Any prisoner having received a life sentence with parole possibility a part thereof who has served 1/3 of his sentence prior to parole eligibility shall be presumed to be entitled to be classified to a medium security prison.  Any such  prisoner who has served 2/3rds of his sentence prior to parole eligibility shall be presumed to be entitled to be classified to a minimum security prison. 

  If a prisoner is found guilty of new crime committed while incarcerated; then the time period for the presumptions for classification and parole shall restart as of the date of the commission of the new offense with no credit for any time served prior to the commission of the new offense.

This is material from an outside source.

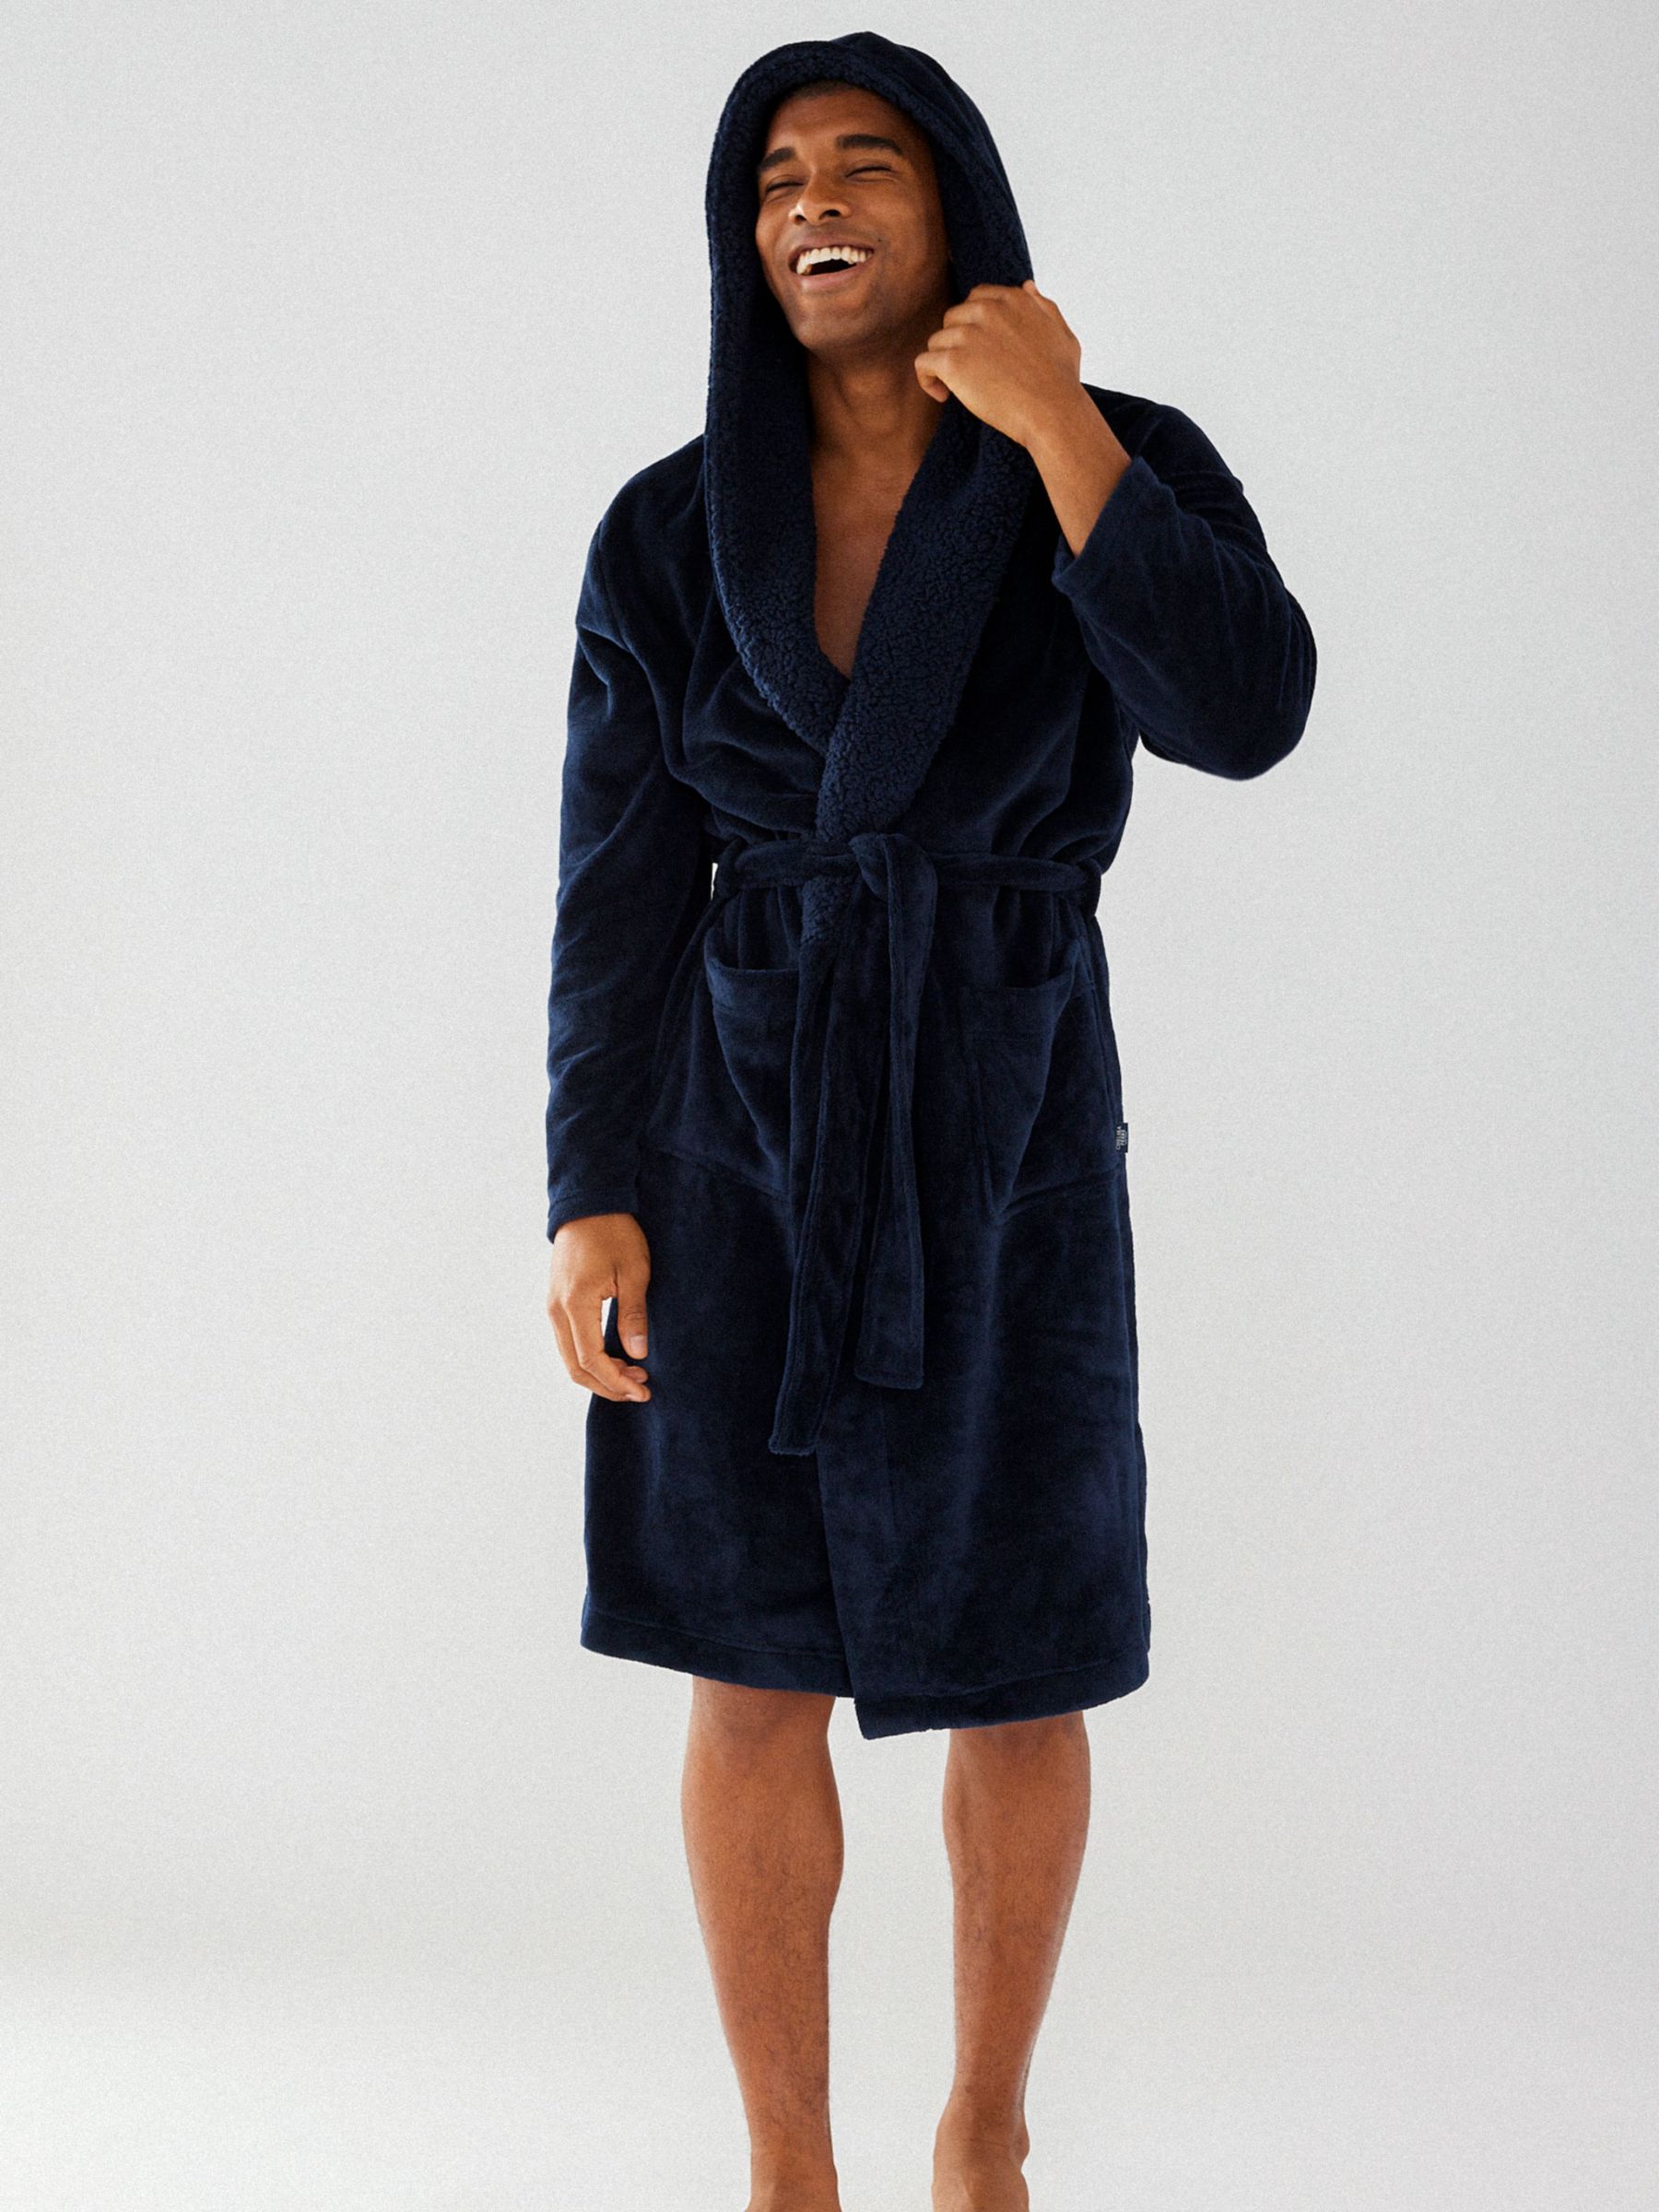 Chelsea Peers Fluffy Hooded Dressing Gown, Navy at John Lewis & Partners

Any prisoner, who is so aged or physically or mentally disabled as to be of no threat to the safety of the public, shall be eligible for parole.

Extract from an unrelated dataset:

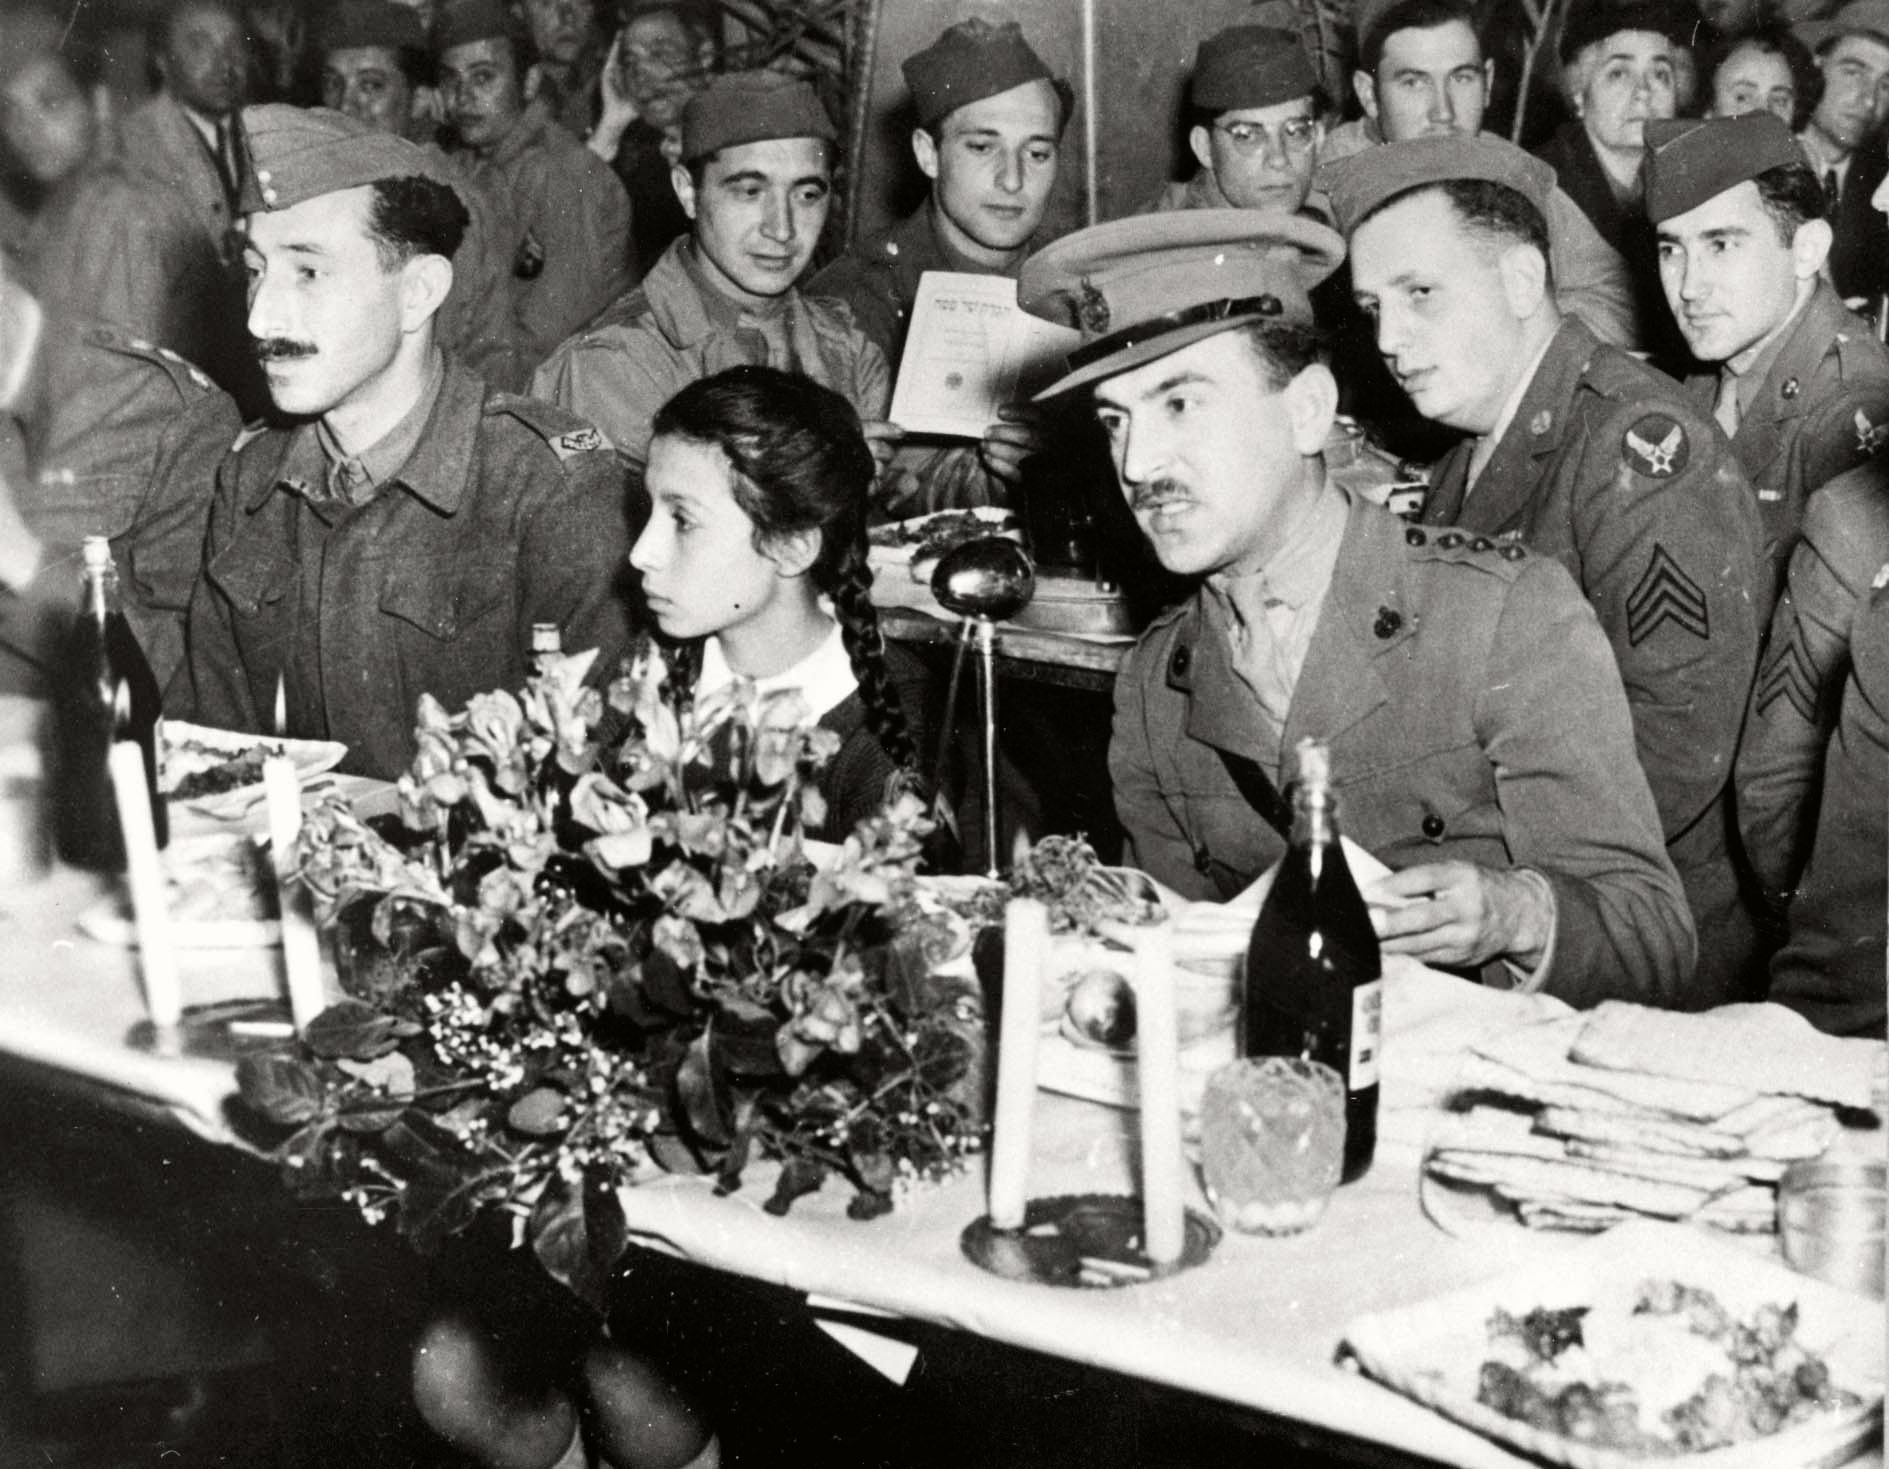 A Passover Seder for Jewish Allied soldiers

A prisoner to whom a parole permit is granted shall be allowed to go upon parole outside prison walls and inclosure upon such terms and conditions as the parole board shall prescribe, but shall remain, while thus on parole, subject to the jurisdiction of such board until the expiration of the term of imprisonment to which he has been sentenced or until the date which has been determined by deductions from the maximum term of his sentence or sentences for good conduct or until such earlier date as the board shall determine that it is in the public interest for such prisoner to be granted a certificate of termination of sentence.  The record of the decision of the board shall contain a summary statement of the case indicating the reasons for said decision.   Said record of decision shall become a public record and shall be available to the public except for such portion thereof which contains information upon which said decision was made which said information the board determines is actually necessary to keep confidential to protect the security of a criminal or civil investigation, to protect anyone from physical harm or to protect the source of any information; provided, however, that it was obtained under a promise of confidentiality. All such confidential information shall be segregated from the record of decision and shall not be available to the public. Said confidential information may remain secret only as long as publication may defeat the lawful purposes of this section for confidentiality hereunder, but no longer.  In every case, such terms and conditions shall include payment of any child support due under a support order, as defined in section 1A of chapter 119A, including payment toward any arrearage of support that accrues or has accrued or compliance with any payment plan between the prisoner and the IV-D agency as set forth in chapter 119A, provided, however, that the board shall not revise, alter, amend or revoke any term or condition related to payment of child support unless the parole permit itself is revoked.

SECTION 4. The General Laws are hereby amended by repealing section 133 of chapter 127 and inserting in place thereof a new section 133 as follows:

Section 133. Parole permits may be granted by the parole board to prisoners subject to its jurisdiction at such time as the board in each case may determine; provided, however, that no prisoner sentenced to the state prison shall be eligible for such permit until such prisoner shall have served one half of the maximum, as such maximum term of sentence may be reduced by deductions allowed under section one hundred and twenty-nine D. Where an inmate is serving two or more consecutive or concurrent state prison sentences, a single parole eligibility shall be established for all such sentences. Prisoners who are granted parole permits shall remain subject to the jurisdiction of the board until the expiration of the maximum term of sentence or, if a prisoner has two or more sentences to be served otherwise than concurrently, until the aggregate maximum term of such sentence, unless earlier terminated by the board under the provisions of section one hundred thirty A. Sentences of imprisonment in the state prison shall not be suspended in whole or in part.